I'm looking for an average price per sq ft (when quoting) for finishing a basement in an occupied house. I just finished my first one and hopefully have a few more coming up in the near future from the guy's neighbors and could really use some idea of what other finishers are charging, to be competitive AND to make sure I'm not working for peanuts!

I understand there are a ton of variables involved in quoting a job. Is it a cut up prefill nightmare? Triple racetracks, tents and soffits everywhere? Are they friends of relatives? Is it gravy?

Just assume it's an "average" job. Average amount bead and butts, standard texture, a few closets, a shower... What would be an average price per square foot for a 2 coat finish, 3 coat and even a level 5? I know a level 5 is a little bit crazy in a basement but it's just to give me an idea of how much more $$ you guys are getting for one...

Also do you guys drop the price any if they're installing a drop ceiling and it's walls only? 

I called my old finishing boss (I work in a machine shop now) and asked him what he'd charge for a 2,500 sq ft basement w/ no texturing (besides right inside the bathroon door and over the shower). He told me bid it at $1,000 and the homeowner buys the mud. It ended up at $1,000 and I bought the mud. Finished it in 20 hours. Did I work for peanuts? Did I make out like a bandit? Seems like I did pretty well... Thanks a ton for any suggestions, in case you can't tell being new to the 1 man crew side of the business I need a few!


----------



## DiSantodrywall&paint (May 2, 2010)

i would have been around 1350 thats including mud


----------



## SlimPickins (Aug 10, 2010)

$1000 for 20 hours is $50/hr, right? How much mud? How much is your time worth to you? On a T&M job I like to make $30-$40 /hr depending on the client...It sounds like you came out fine, average really.


----------



## cdwoodcox (Jan 3, 2011)

Who cares what the next guy is getting.
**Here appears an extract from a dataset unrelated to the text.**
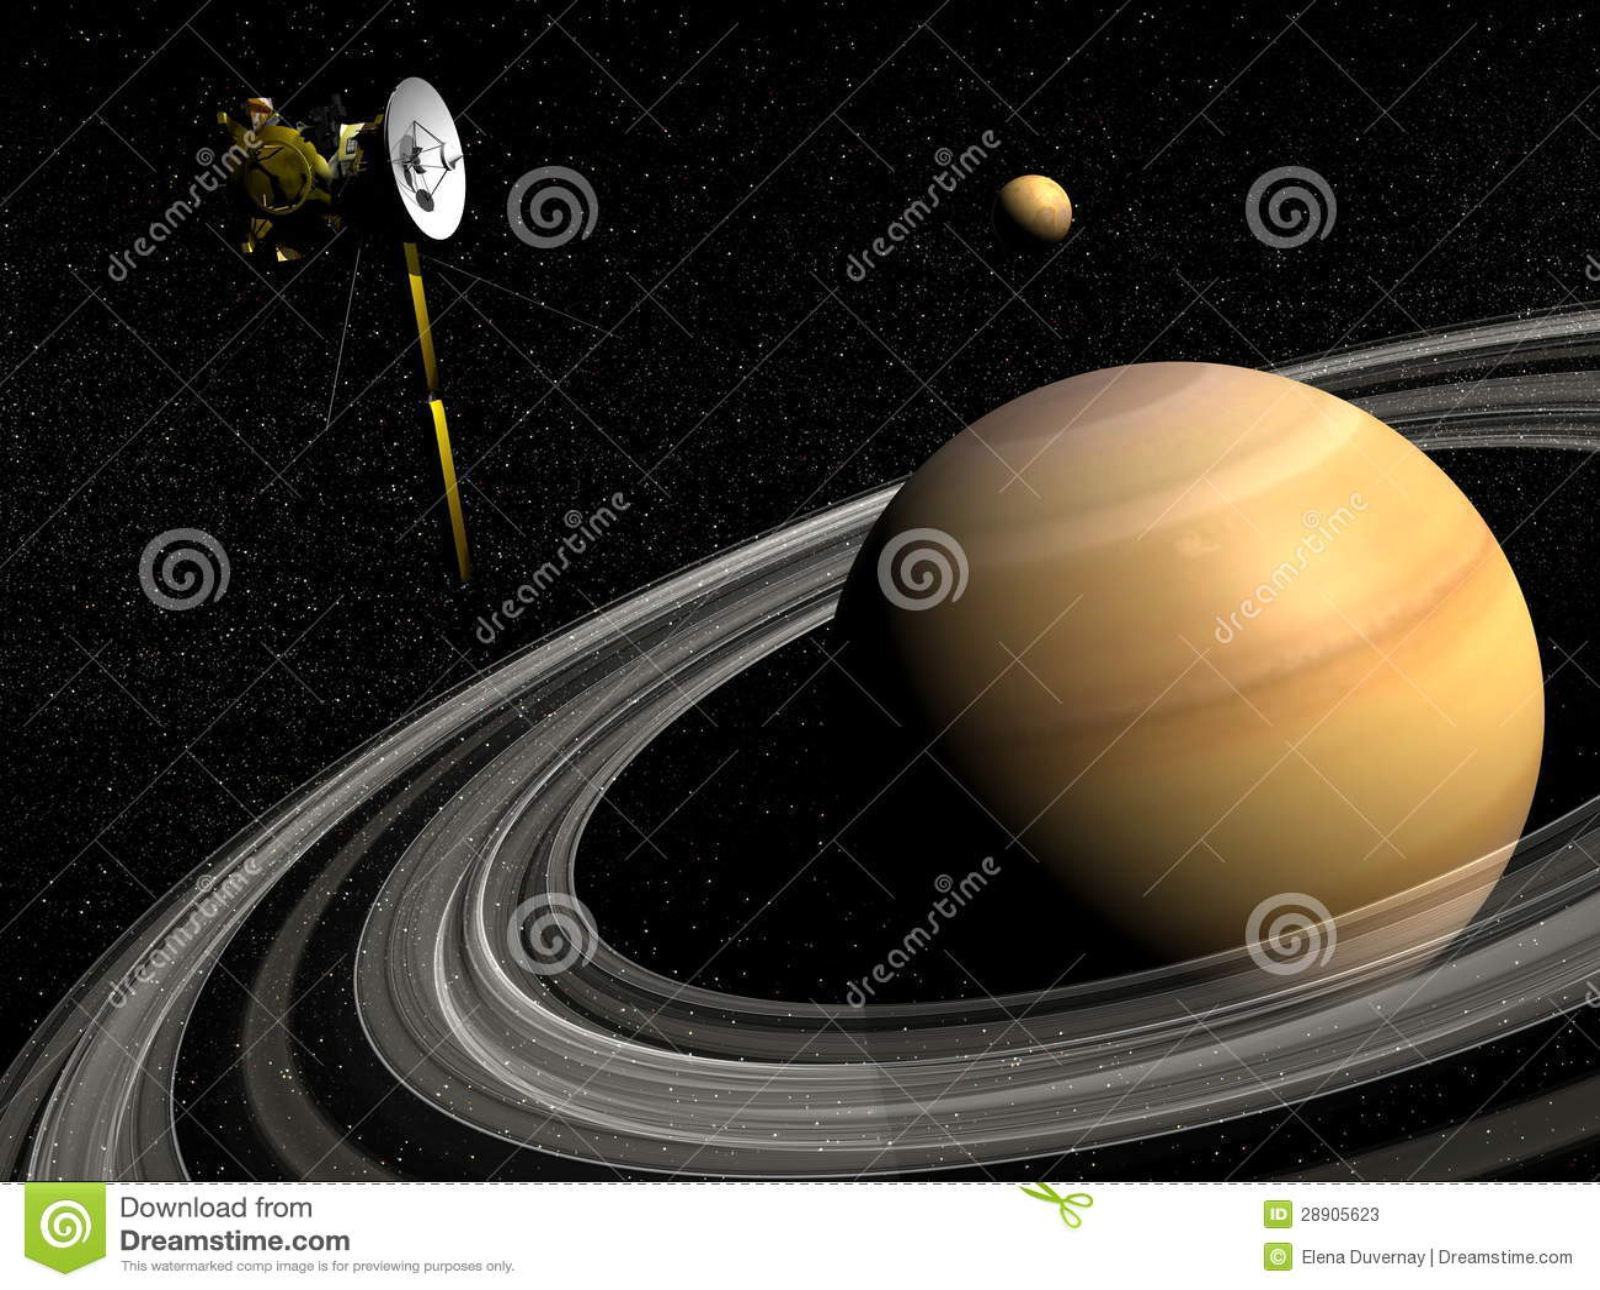 cassini saturn satellite - photo #46

Price the jobs at what you need to make an hour and stick with that. I would have charged more than you but I also have overhead to consider. And the fact that if I'm working on you're basement I have to make the same as if I were working on a job for a contractor or I'm ultimately losing money when I could be somewhere else making more.


----------



## guitarrick (Aug 22, 2011)

I spent around $100 on the mud. So $900/20= $45/hr. That works for me just fine, I'd say I made out well just wondering about other people's average bids and if I was bidding competitively. The job was a 2 coat, I'm curious as to how much to raise for a 3 coat or a level 5 full skim if I happen to run into one. I guess I'll just break the $1000/2500 sq ft rate down to daily pay times # of days, adding 1 day for a 3 coat and 2 days for a level 5. Sounds simple enough. Hey, I just answered my own question. 

Or better yet, I should forget 2 coating and 3 coat every job I do from now on. I'd rather be known for 3 coat quality than for my old day job of working at the old boss' level of quality and passing a 2 coat off as "looking good enough". That doesn't fly. I think I just left that behind. :thumbsup:


----------



## cdwoodcox (Jan 3, 2011)

guitarrick said:


> I spent around $100 on the mud. So $900/20= $45/hr. That works for me just fine, I'd say I made out well just wondering about other people's average bids and if I was bidding competitively. The job was a 2 coat, I'm curious as to how much to raise for a 3 coat or a level 5 full skim if I happen to run into one. I guess I'll just break the $1000/2500 sq ft rate down to daily pay times # of days, adding 1 day for a 3 coat and 2 days for a level 5. Sounds simple enough. Hey, I just answered my own question.
> 
> Or better yet, I should forget 2 coating and 3 coat every job I do from now on. I'd rather be known for 3 coat quality than for my old day job of working at the old boss' level of quality and passing a 2 coat off as "looking good enough". That doesn't fly. I think I just left that behind. :thumbsup:


 Sounds like a good plan to me. Better to be known for quality than price.:thumbsup:


----------



## SlimPickins (Aug 10, 2010)

cdwoodcox said:


> Sounds like a good plan to me. Better to be known for quality than price.:thumbsup:


Ab-so-f$#&ing-lutely. I get more hires for quality than I do for cheap. 

And the cheap ones still get quality, it's just covering up the not-quality :laughing:


----------



## moore (Dec 2, 2010)

Better to be known for quality than price.:thumbsup: 

Yes ,,, thanks:yes:


----------